14. Gizemli Ev

254 17 10
                                    

İpekin Gözünden

Emre sonunda yanıma gelmiş birlikte kamera görüntülerine bakıyorduk. Daha doğrudu bakamıyorduk. Görüntüler bildiğin yok olmuş.

Demekki polisler bu yüzden bize haber vermemişlerdi. Amk bari arayın biz bir şey bulamadık diyin değil mi ?

Of çekip ekrandan uzaklaştım. Kanıtları nasıl bulacaktık aklım almıyordu.
Emre yanıma geldi. Beni sakinleştirmeye çalıştı.

"Sakin olamam Emre. Benden bunu bekleme lütfen. Amk Elçin ortada yok Adal bir şeyler saklıyor. Ortada zaten kanıt yok. Biz ne yapacağız lan ?" Diye sordum sinirle.

"Hayatım bir sakin ol halledicez."

"Nasıl ama ?" Diye sordum. Tam cevap verecekken kapı çaldı.

İkimiz bir tırsttık. Kimseyi beklemiyorduk. Kim olabilir di ki ?
Emreye baktım, o da tedirgin duruyordu.

Kapı bir daha sert bir şekilde çalındığında yerimde sıçradım. Emreye kaş göz yaptım ve kapıya doğru gittim.

"Kim o ?" Diye sordum. Umarım tahmin ettiğim kişi değildir diye dua ettim içimden.

"Benim Doğukan." İçimden bir hassiktir çektim. Emreye baktım. Şaşırmıştı. İşte bunu ikimizde beklemiyorduk.

Suratıma sahte bir gülümseme koyup kapıyı açtım.

Bana sahte bir gülümseme verdi o da. Hiçbirimiz birbirimize o kadar yakın değildik.

"Bir şey mi oldu, neden geldin ?" Diye sordum nazik olmaya çalışarak.

"Önce bir içeri mi geçseydim, müsait misiniz ?" İçimden kapıyı suratına kapatmak geçiyordu ama bunu yapmadım. Onu sorgulama fırsatı ayağımıza kendisi gelmişti. Bunu geri çeviremezdik.
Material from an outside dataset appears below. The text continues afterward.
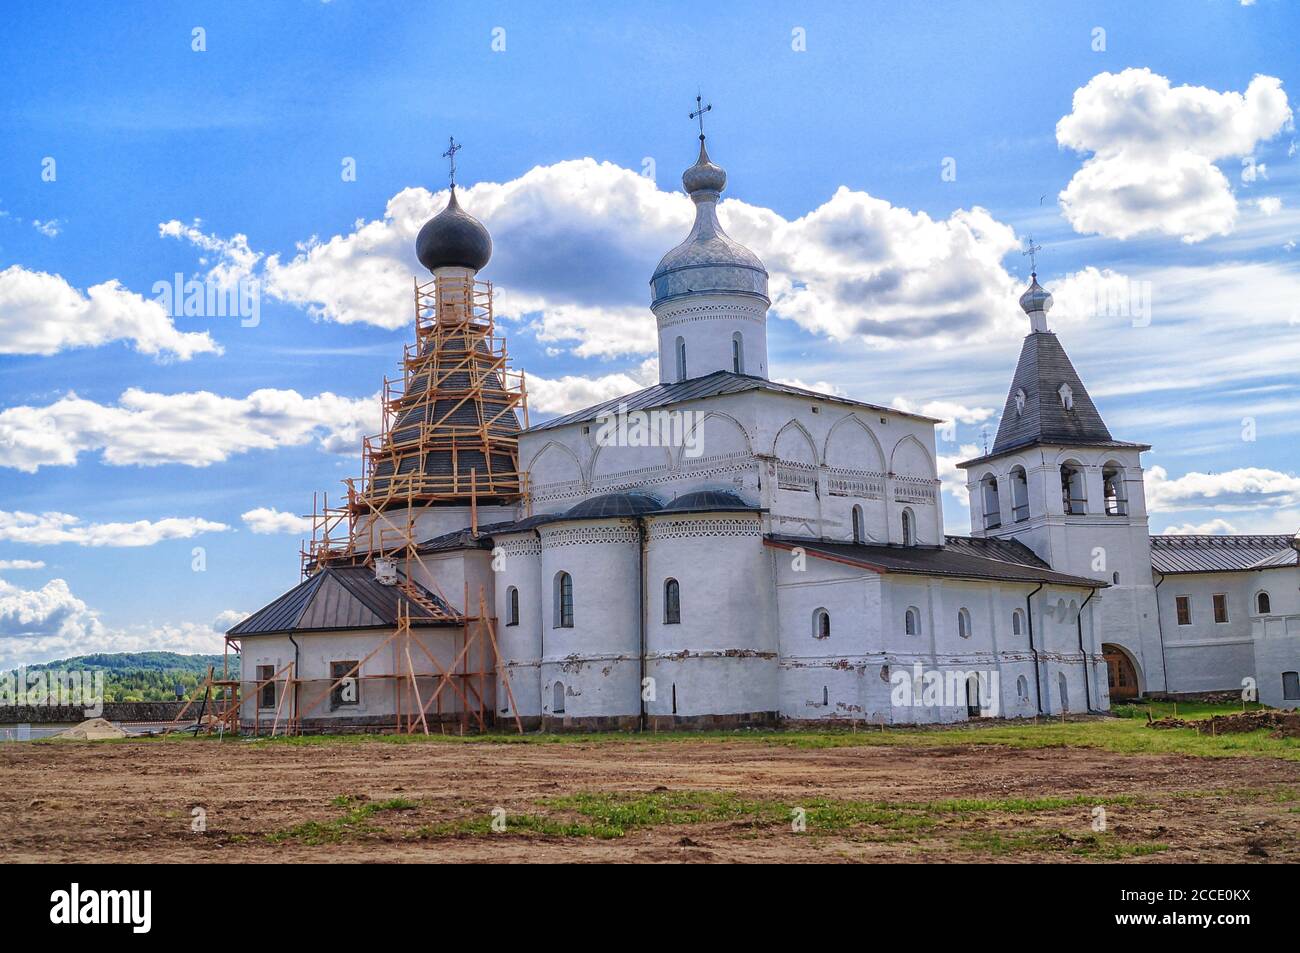 Russland, Wologda Region, Ferapontow Belosersky Kloster - Juni 13.2014 : Kloster der Russischen Orthodoxen Kirche. Russische Touristenattraktion. Stockfoto

Kafamı çevirip Emreye baktım. O da çoktan role girmişti. Bana olur anlamında kafasını hareket ettirdi. Bende Doğukanı içeri buyur ettim.

Kendisi salona geçti, bende peşinden gittim.

"Emre neden gelmedi ?" Diye sordu.
Ne yalan söyleyebilirim diye düşünürken içeriden Emre geldi.

"Geldim geldim. Mutfaģı toparlıyordum. Bilirsin ev çabuk kirlenir." Diye şaka yaptı. Benden daha iyi rol yapıyordu. Adal da buna inanmış gibi duruyordu.

Hafif bir sohbetten sonra neden geldiğini sorduk.

"Ee sen neden gelmiştin Adal ?"

"Sadece birazcık soru sormaya gelmiştim." Dedi.

"Ne sorusu ?" Diye sordum. Cidden o kadar yolu bir soru için mi gelmişti ? Bu biraz şüpheliydi.

"Şimdi hani geçen gün topuca Elçinin evinde buluşmuştuk ya, o gün orda bir eşya unutmuşum. Onu almam lazım. Ama anahtarım yok."

"Elçinden isteseydin ?" Diye söyledi Emre. Haklıydı neden bizden istiyordu ki, hem anahtara sahip olduğumuzu nerden biliyordu ?

"Elçinin şuan nerde olduğunu bilmiyorum. En son benim evden çıkarken gördüm. Yürüyüşe çıkacağını söylemişti." Dedi. Yalan olduğunu anlamıştım.

Eğer suçlu değilseydi neden yalan söylerdi ki biri ? Kesinlikle bir şey saklıyordu.

"Senin için gidip alabilirim." Dedim. Ama bir anda telaşlandı ve normal konuşmaya çalıştı.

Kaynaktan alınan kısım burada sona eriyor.